Joins (CX)

Suite
Customer Experience Strategy & Research
Product
Qualtrics

What's on this page

About Joins

Joins allow you to combine rows from 2 or more data sources based on a related column of data that they share. By using a join, you can gather and analyze the combined data more efficiently and effectively, creating more insights.

Example: Join the support tickets resolved for a customer with their survey data, directory contact data, and more, giving you a full profile of a customer’s interactions with your company.

The CX data modeler primarily supports left outer joins. Only left outer joins update continuously.

Qtip: Confused about what datasets are vs. data sources?

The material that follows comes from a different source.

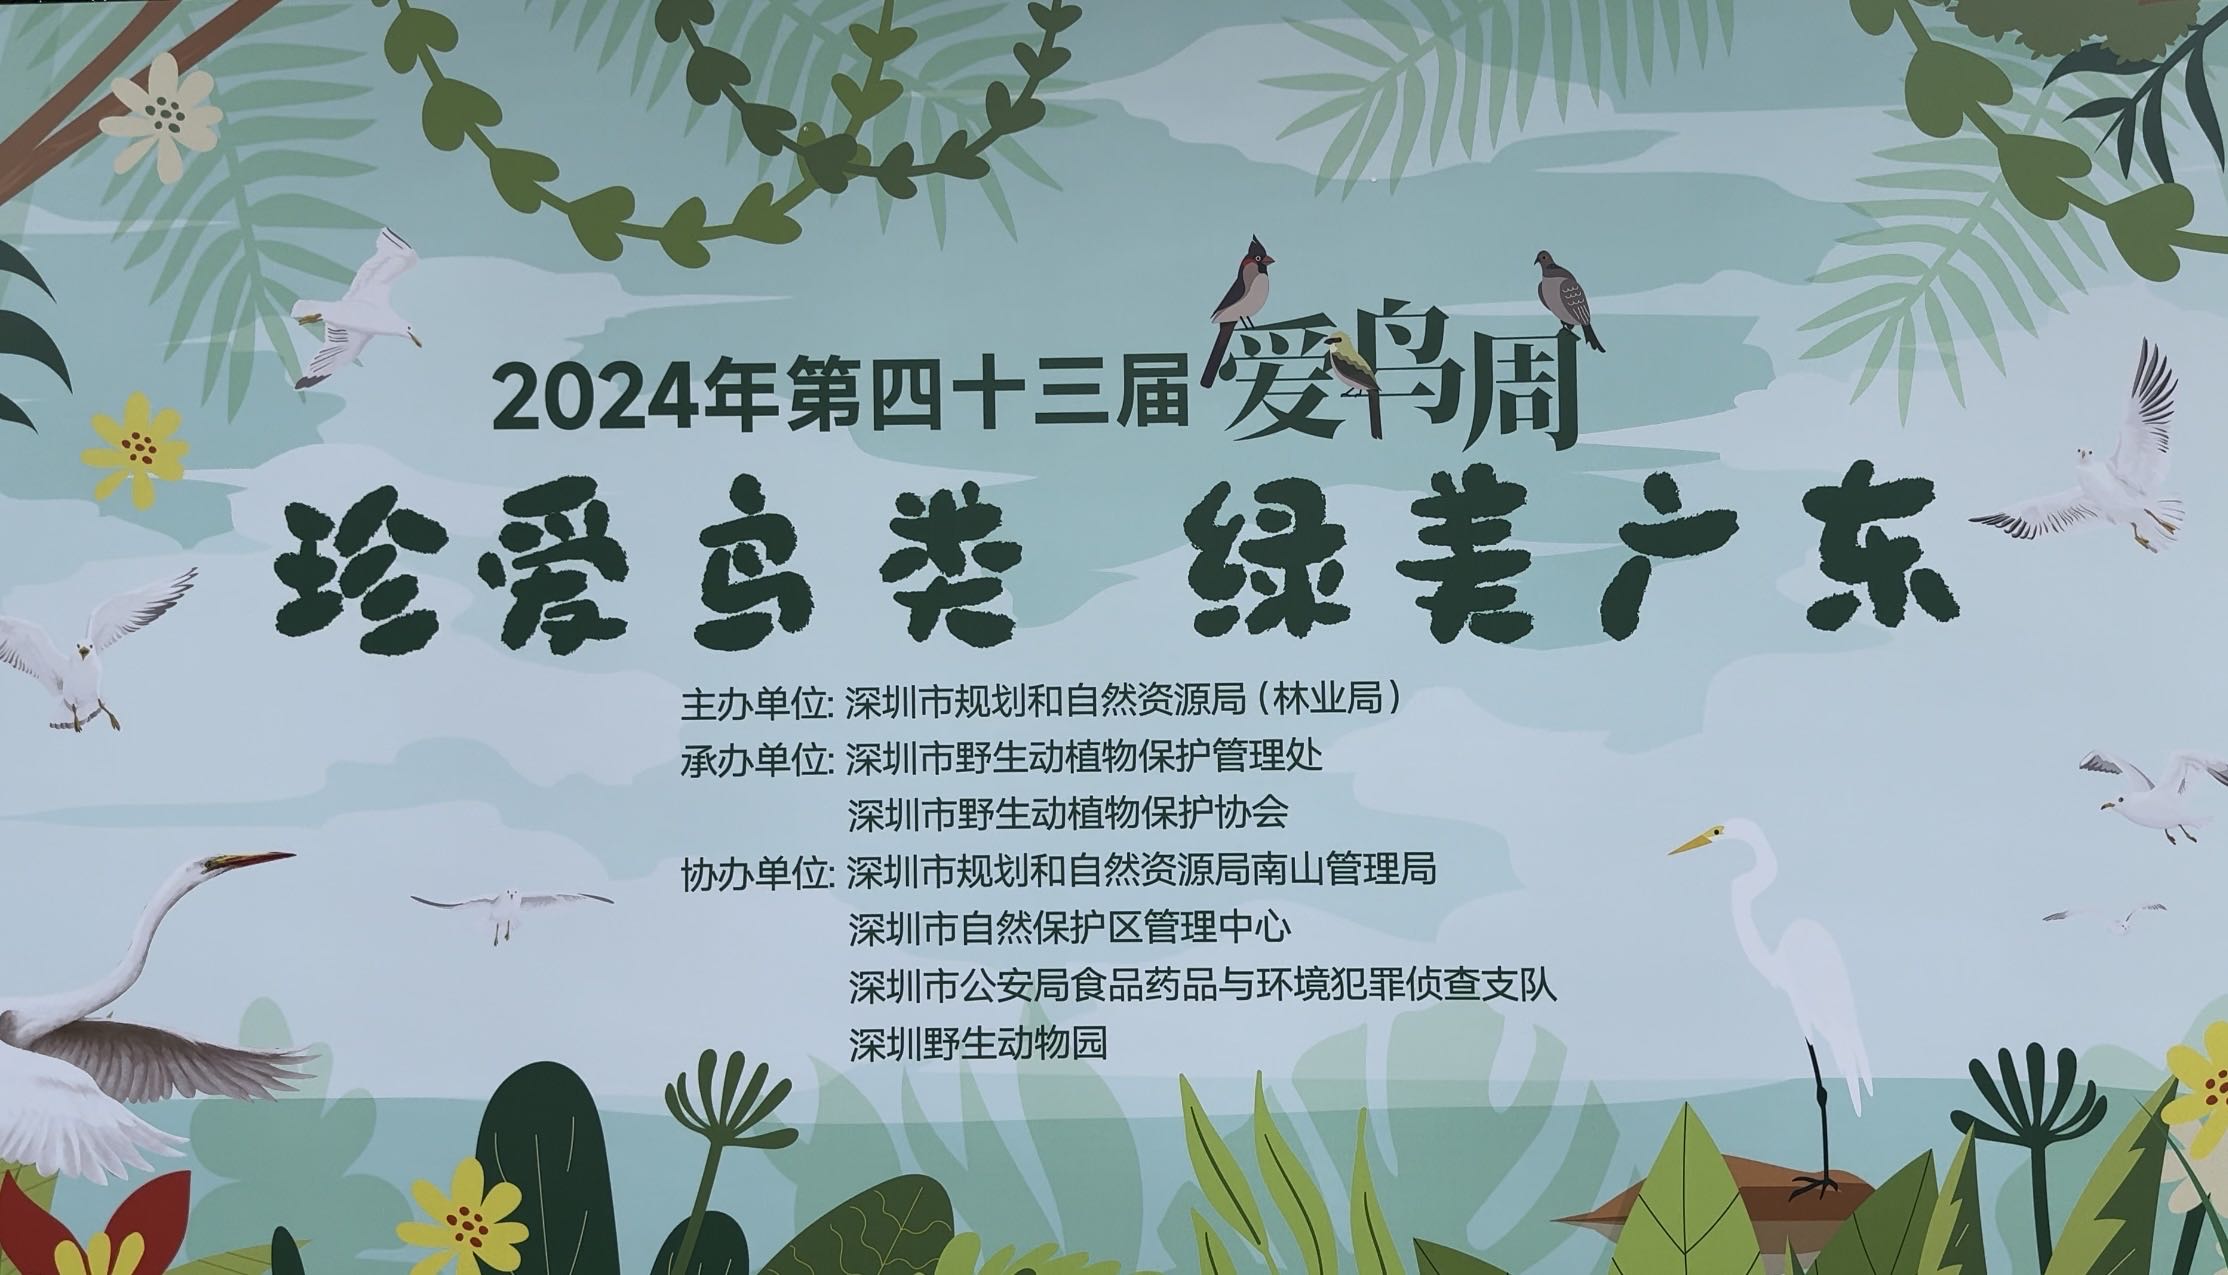 深圳舉辦愛鳥周 助力綠美深圳生態建設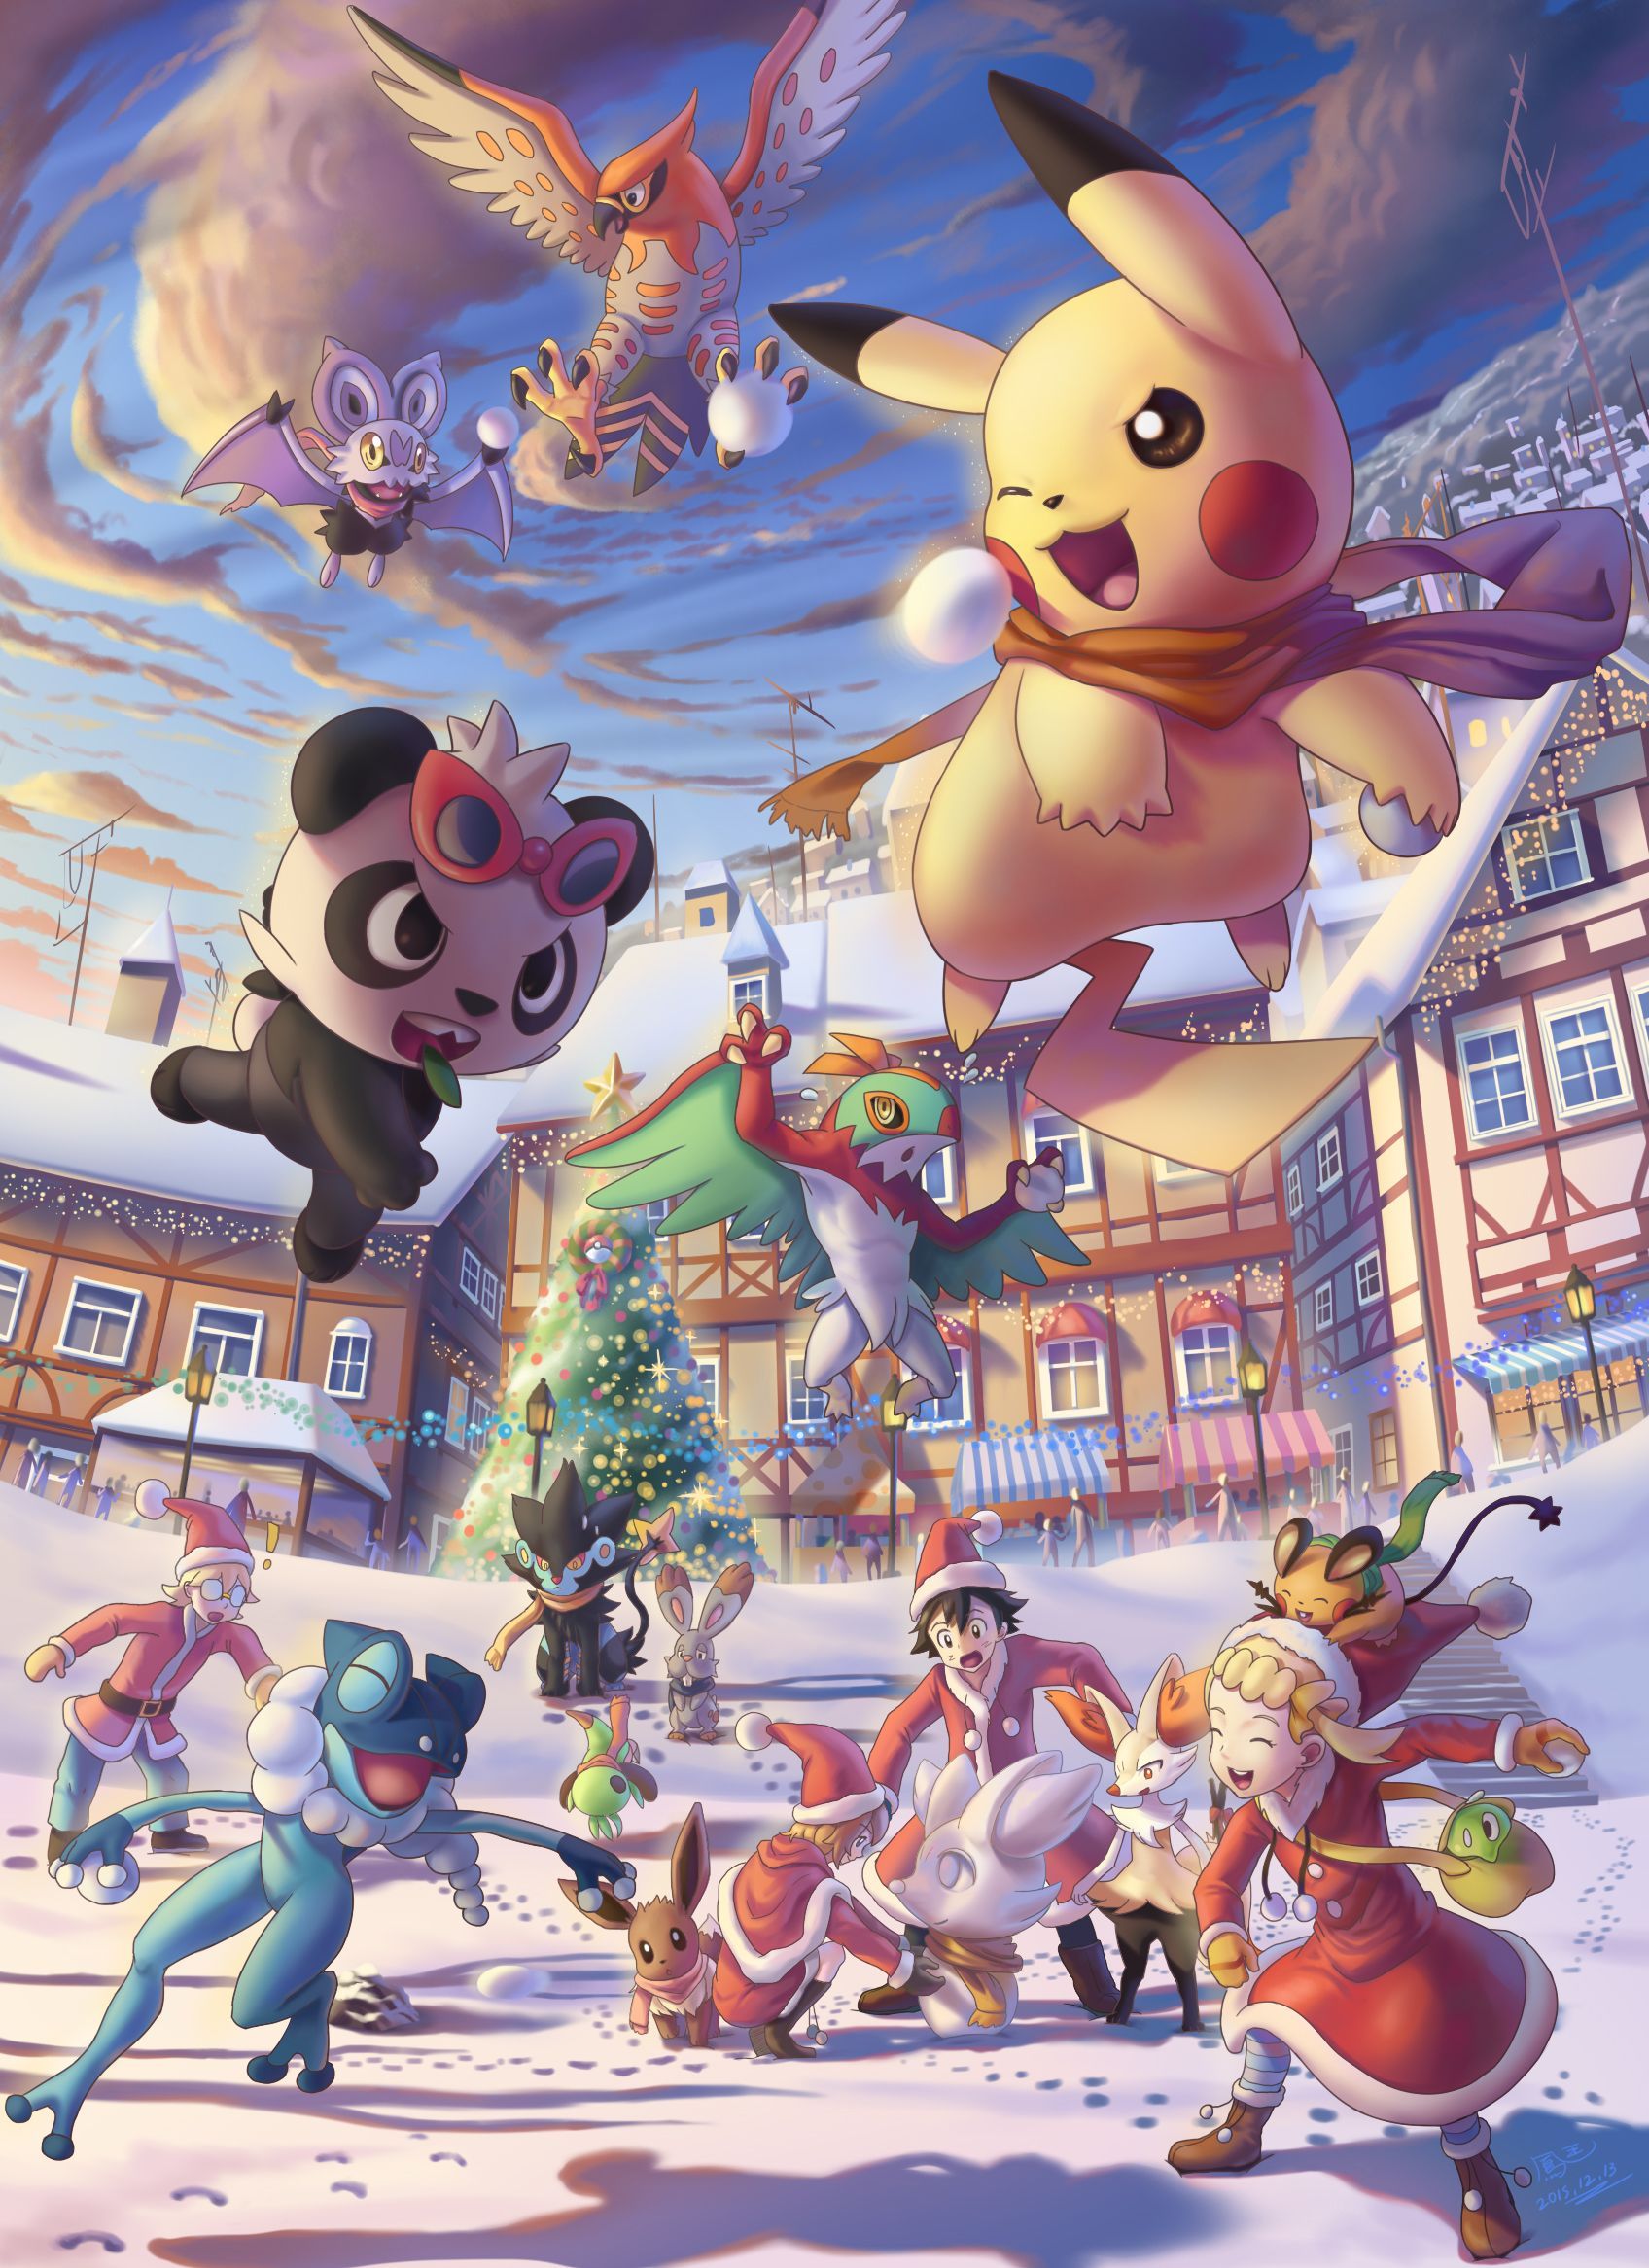 ポケモン- クリスマス2015. Pokemon kalos, Pokemon, Pokemon eevee

Not sure how to tell the data mapper and modeler apart? Learn more about these and more key terms.

Join Keys

A join key is a field that helps match multiple datasets, identifying what records should be combined. For example, unique identifiers you map to your dashboard data, such as IDs and usernames. Join keys are important to making sure a join is set up correctly.

Some common join keys include:

  • Username: The same username identifies the same customer across multiple surveys, helping you link all of their feedback in one place.
  • ResponseID: A ticket created from a survey response saves the corresponding survey response ID. This response ID can be used to link the ticket information and the survey response so a customer support interaction and the customer’s feedback can be viewed as whole.
  • Location ID: Location IDs are used to identify what store location customers are reviewing. You use the location ID to combine records across stores so you can compare store performance.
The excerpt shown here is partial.